So the first step, let's talk about configuring and controlling the project. Glad I only have one demo because that's a lot of exercise. So configuring the project-- you can use the configuration files. They're just key value pairs of build settings. And it's really a great place to gather the policy and configuration all in one place. And you can use it to, say, set organizational policies. So if your organization wants warnings at a certain level or wants a certain optimization style, stick it in the config file.
They can be applied to multiple projects and targets. You can use what we call up and over references. All that means is that a reference to a file outside of your project directory. So you can share these across multiple projects. They can include each other. So you can have a baseline configuration and then, say, have a debug and a release and a profiling and whatever other configurations you want to lay on top.
Some people are using configurations where they have a demo and a production configuration where the demo version just if-defs out a whole bunch of code. And some examples. This is actually from Adobe's open source libraries. This is their debug configuration. So you can see it's setting the symbol levels, optimization levels, setting the target variant, et cetera.
So, one thing we added in Xcode 3.0 is architecture-specific build settings. And what these allow is for you to have a build setting that's specific to a particularly targeted architecture, be it, say, PPC64, I386. And you use these, well, first, you have to make sure your project is set up for 3.0 compatibility.
There's now a compatibility pane in the project settings window, and in there, you can select what compatibility level you want Xcode to run at. If you select 2.4, then Xcode 3.0 will make sure your project's compatible with 2.4. If you turn it on to 3.0, then you can use this feature.
So what you do is you use the little action menu down at the bottom there to basically add an architecture-specific setting for your particular setting, in this case the auto vectorization. And you can see once that happens, it actually adds a little sub-item in there which has the architecture-specific setting. Very handy.

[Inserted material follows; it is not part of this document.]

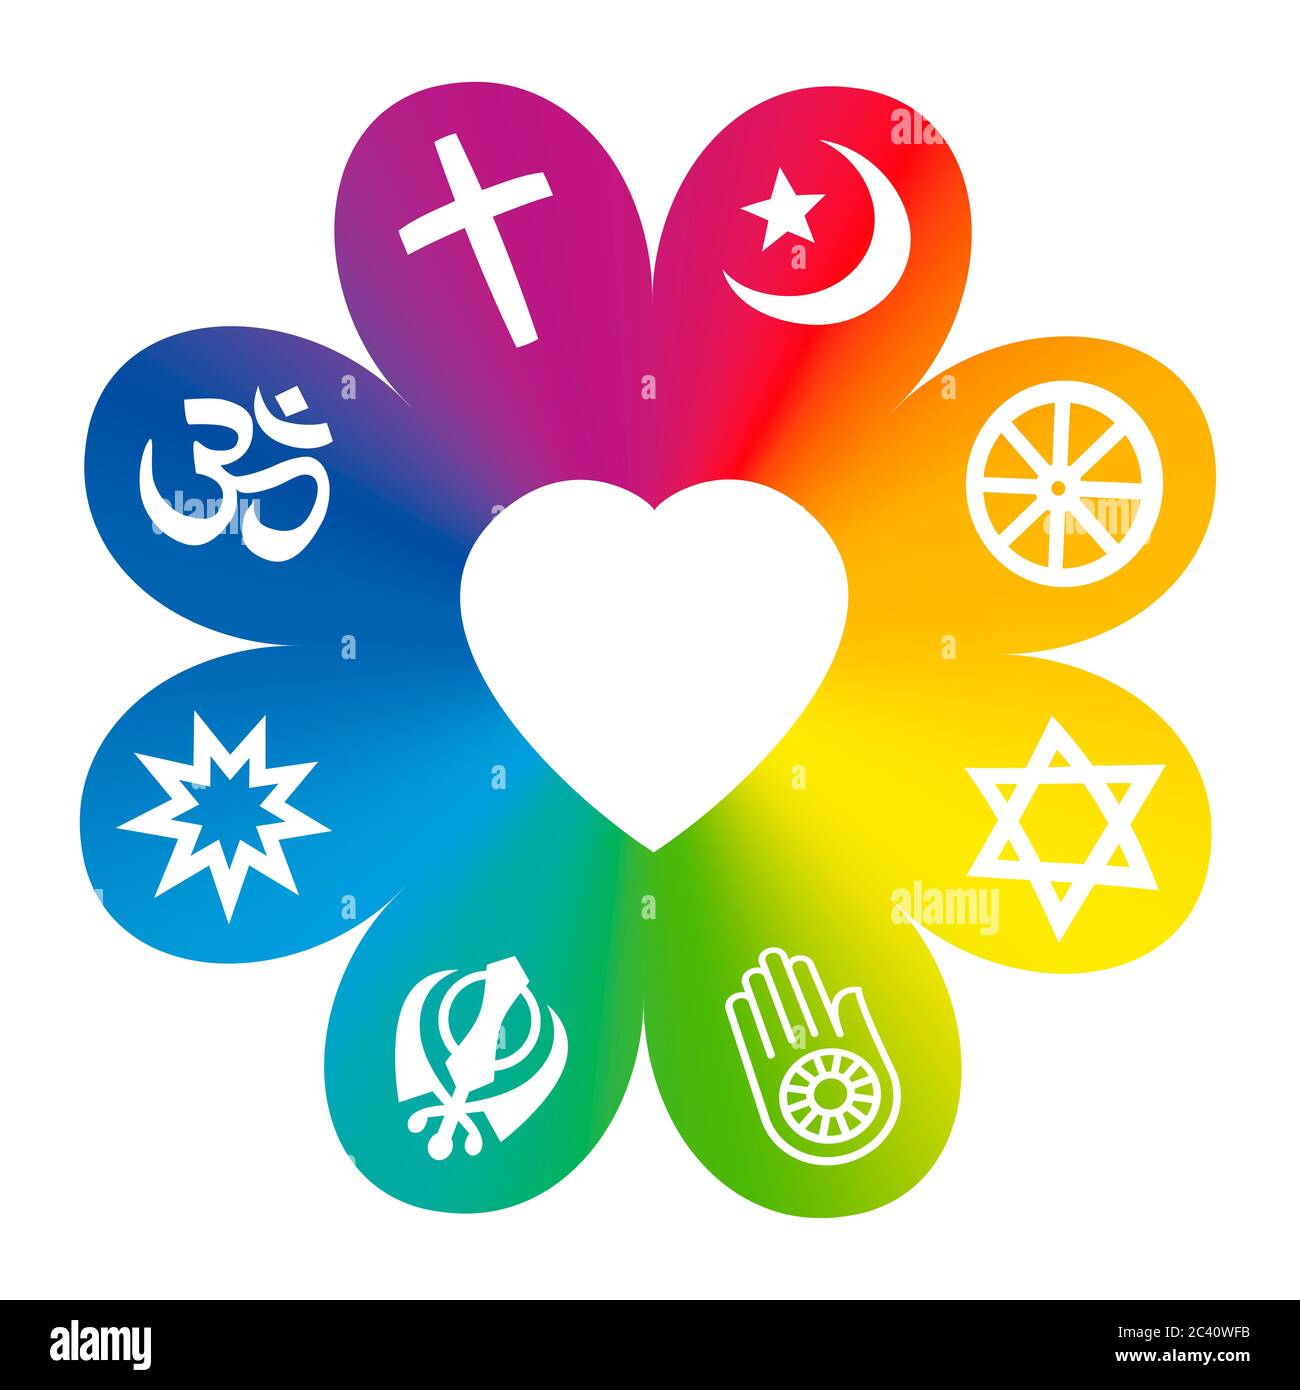 Religioni del mondo. Simboli su un fiore arcobaleno colorato con un cuore al centro come simbolo di unità religiosa o di comunanza. Foto Stock

So moving on to revision control systems. So use them. Even when you're doing loan development, use them. It's a documented timeline of your project's evolution. They're typically-- you can think of them as a specialized file system. For teams, it's a brilliant way to figure out who to blame when something explodes and to watch the history of your project over time.
And there's some terms that come along with this. There's importing, which is just throwing a bunch of stuff into the revision control system for control by it. There's checkout. There's cutting branches, which we'll get into in just a second. Committing, committing your changes back to the revision control system, setting up that history, making sure the changes are tracked. And updating.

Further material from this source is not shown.